Target audience: All of Us Research Program data are widely available to health researchers. The allofus R package is aimed at a wide range of researchers who wish to conduct complex analyses using best practices for reproducibility and transparency, and who have a range of experience using R. Because the All of Us data are transformed into the Observational Medical Outcomes Partnership Common Data Model (OMOP CDM), researchers familiar with existing OMOP CDM tools or who wish to conduct network studies in conjunction with other OMOP CDM data will also find value in the package.
Scope: We developed an initial set of functions that solve problems we experienced across survey and electronic health record data in our own research and in mentoring student projects.

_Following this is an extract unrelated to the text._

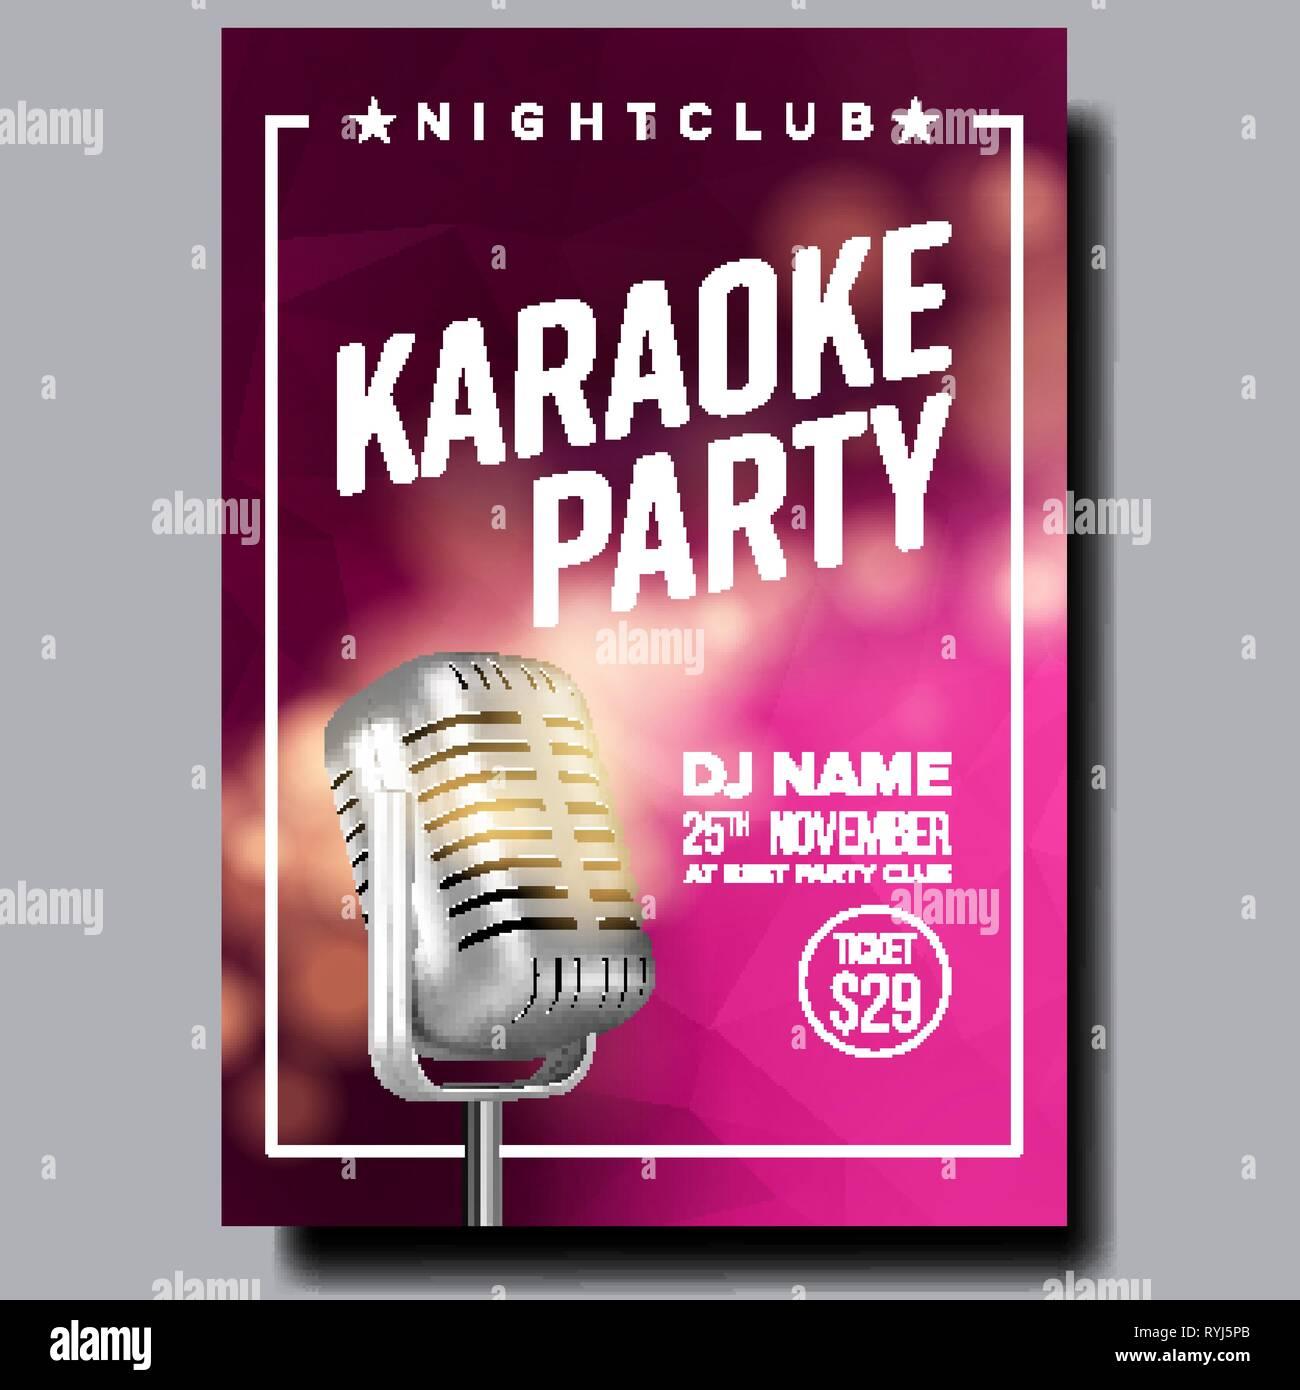 Karaoke Poster Vector. Party Flyer. Karaoke Music Night. Radio Microphone. Abstract Template. Rock Fun. Vocal Sign. Old Bar. Star Show. Modern Sound - Stock Vector

The package will continue to grow and develop with the All of Us Research Program. The allofus R package can help build community research capacity by increasing access to the All of Us Research Program data, the efficiency of its use, and the rigor and reproducibility of the resulting research.
目标:尽管有队列生成器等易于使用的工具,但使用 "我们所有人 "研究计划的数据来解决复杂的研究问题需要相对较高的专业技术水平。我们的目标是通过 R 软件包 allofus 提高研究和培训能力,减少 "我们所有人 "社区的准入门槛。在本文中,我们将介绍一些功能,这些功能可解决我们在使用我们所有人研究计划数据时遇到的常见难题,我们还将以通过综合电子健康记录和调查数据来创建我们所有人参与者队列的例子来演示这些功能:我们所有人研究计划的数据可供健康研究人员广泛使用。allofus R 软件包的目标受众是希望使用可重复性和透明度方面的最佳实践进行复杂分析,并具有一定 R 使用经验的广大研究人员。由于 All of Us 数据已转化为观察性医疗结果合作组织通用数据模型(OMOP CDM),因此熟悉现有 OMOP CDM 工具或希望结合其他 OMOP CDM 数据进行网络研究的研究人员也会发现该软件包的价值:我们开发了一套初步功能,以解决我们在自己的研究和指导学生项目中遇到的调查和电子健康记录数据问题。该软件包将随着 "我们所有人 "研究计划继续成长和发展。allofus R 软件包可以提高对 "我们所有人研究计划 "数据的访问、使用效率以及研究的严谨性和可重复性,从而帮助提高社区研究能力。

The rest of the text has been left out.